“Na—Miss Henderson?”
It was Fräulein’s voice from within the little room. Minna was holding the door open.
15
At the end of twenty minutes, dismissed by Fräulein with a smiling recommendation to go and practise in the saal, Miriam had run upstairs for her music.
“It’s all right. I’m all right. I shall be able to do it,” she said to herself as she ran. The ordeal was past. She was, she had learned, to talk English with the German girls, at table, during walks, whenever she found herself with them, excepting on Saturdays and Sundays—and she was to read with the four—for an hour, three times a week. There had been no mention of grammar or study in any sense she understood.

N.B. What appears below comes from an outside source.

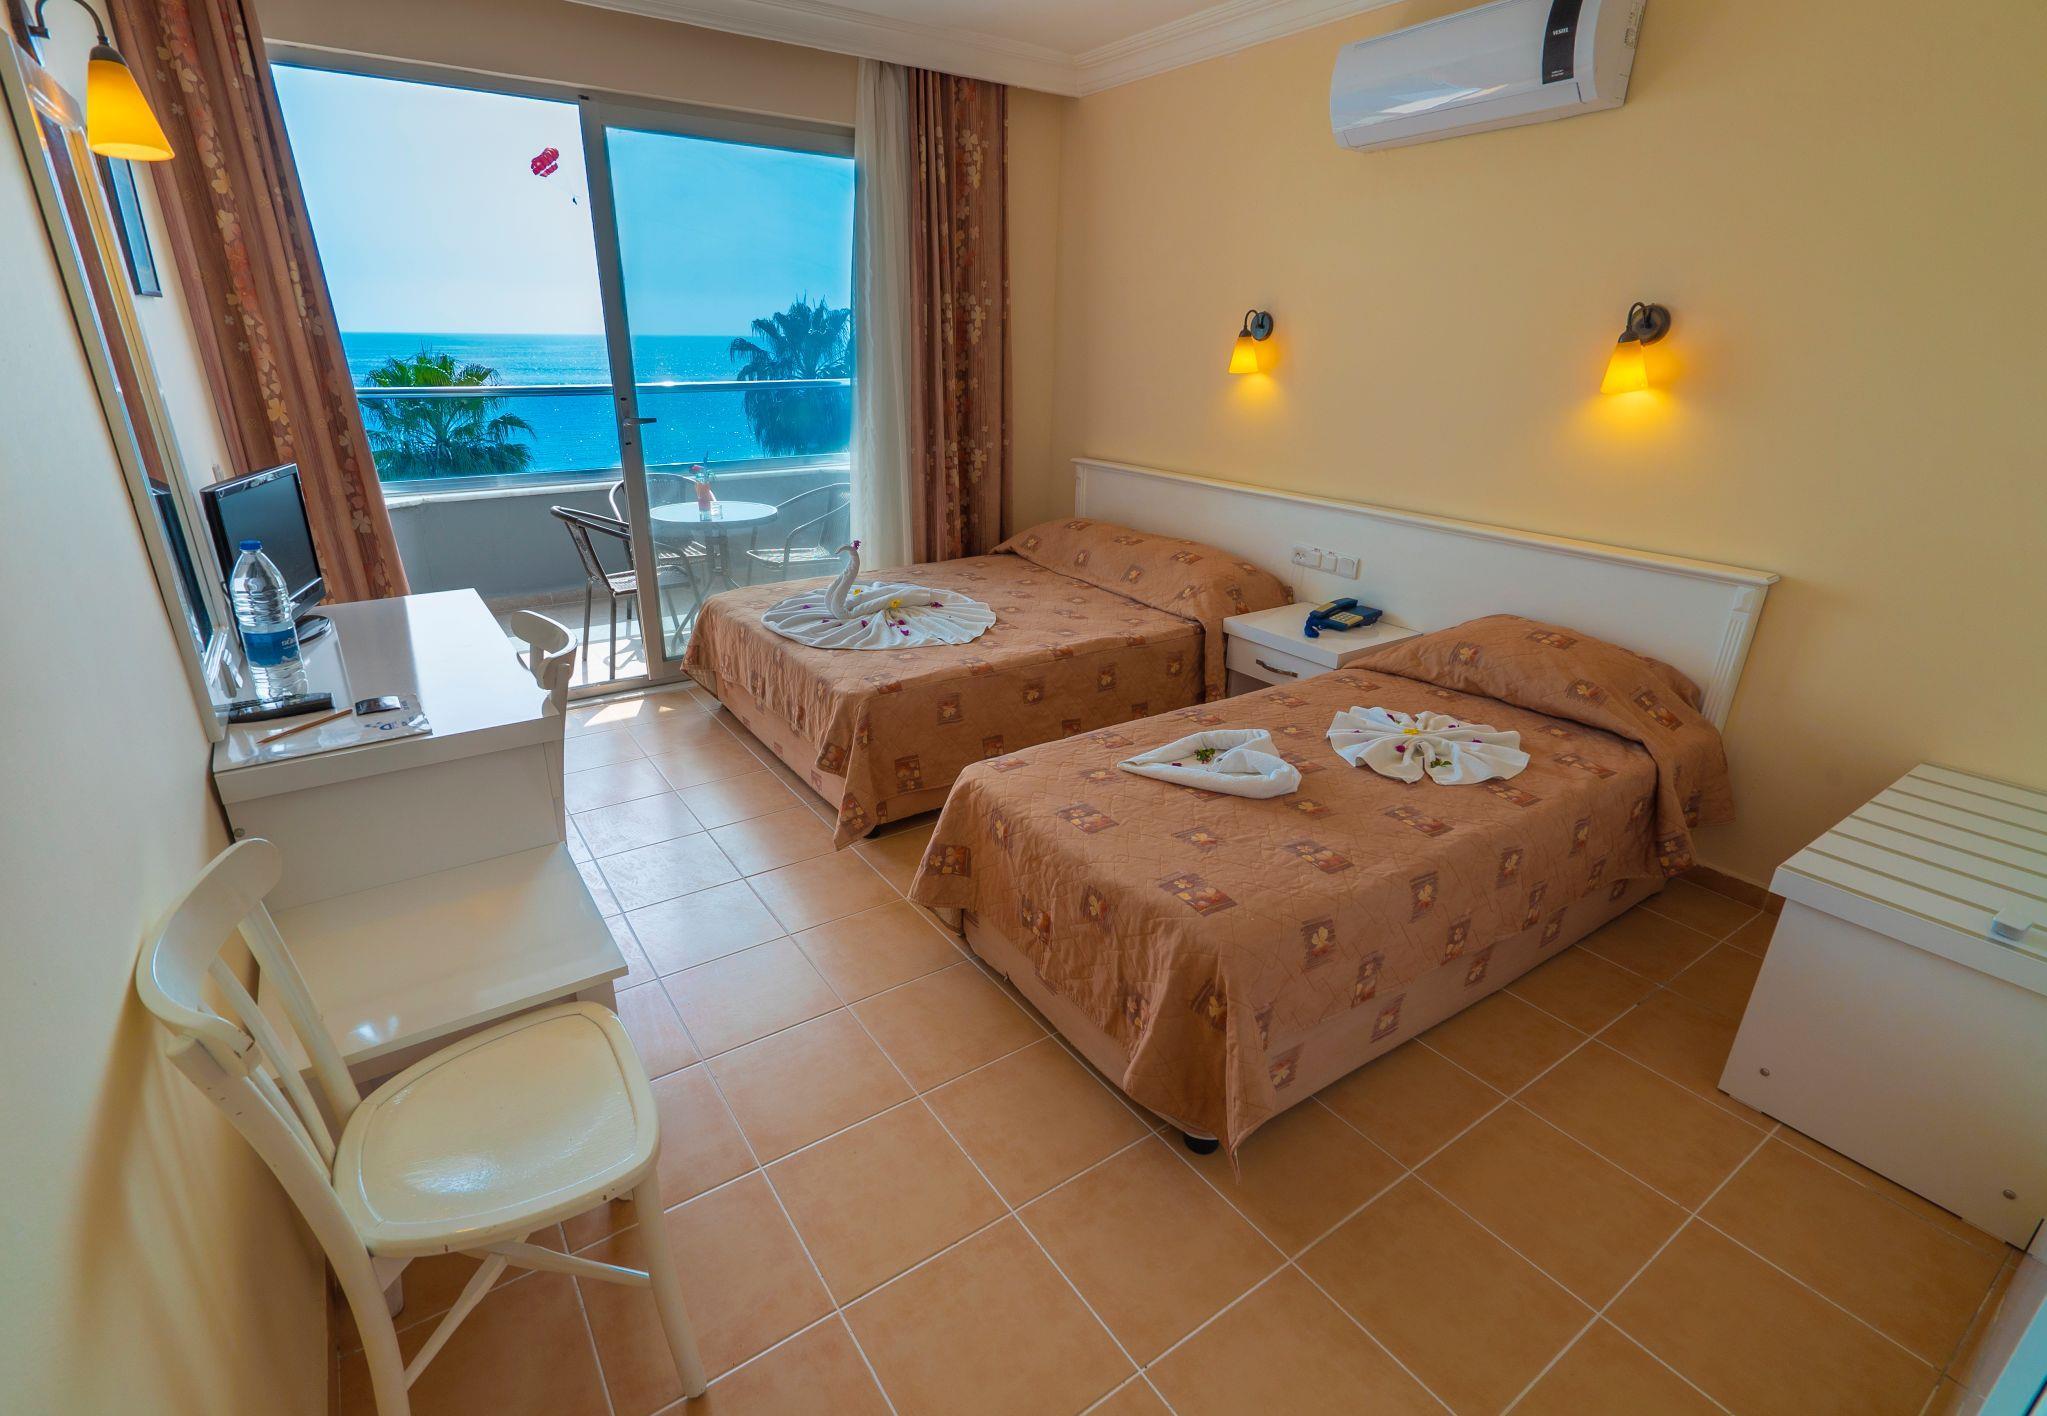 http://www.orextravel.sk/OREX/hotelphotos/azak-beach-general-0020.jpg

She had had a moment of tremor when Fräulein had said in her slow clear English, “I leave you to your pupils, Miss Henderson,” and with that had gone out and shut the door. The moment she had dreaded had come. This was Germany. There was no escape. Her desperate eyes caught sight of a solid-looking volume on the table, bound in brilliant blue cloth. She got it into her shaking hands. It was “Misunderstood.” She felt she could have shouted in her relief. A treatise on the Morse code would not have surprised her. She had heard that such things were studied at school abroad and that German children knew the names and, worse than that, the meaning of the names of the streets in the city of London. But this book that she and Harriett had banished and wanted to burn in their early teens together with “Sandford and Merton.” ...
“You are reading ‘Misunderstood’?” she faltered, glancing at the four politely waiting girls.
It was Minna who answered her in her husky, eager voice.
“D’ja, d’ja,” she responded, “na, ich meine, yace, yace we read—so sweet and beautiful book—not?”
“Oh,” said Miriam, “yes ...” and then eagerly, “you all like it, do you?”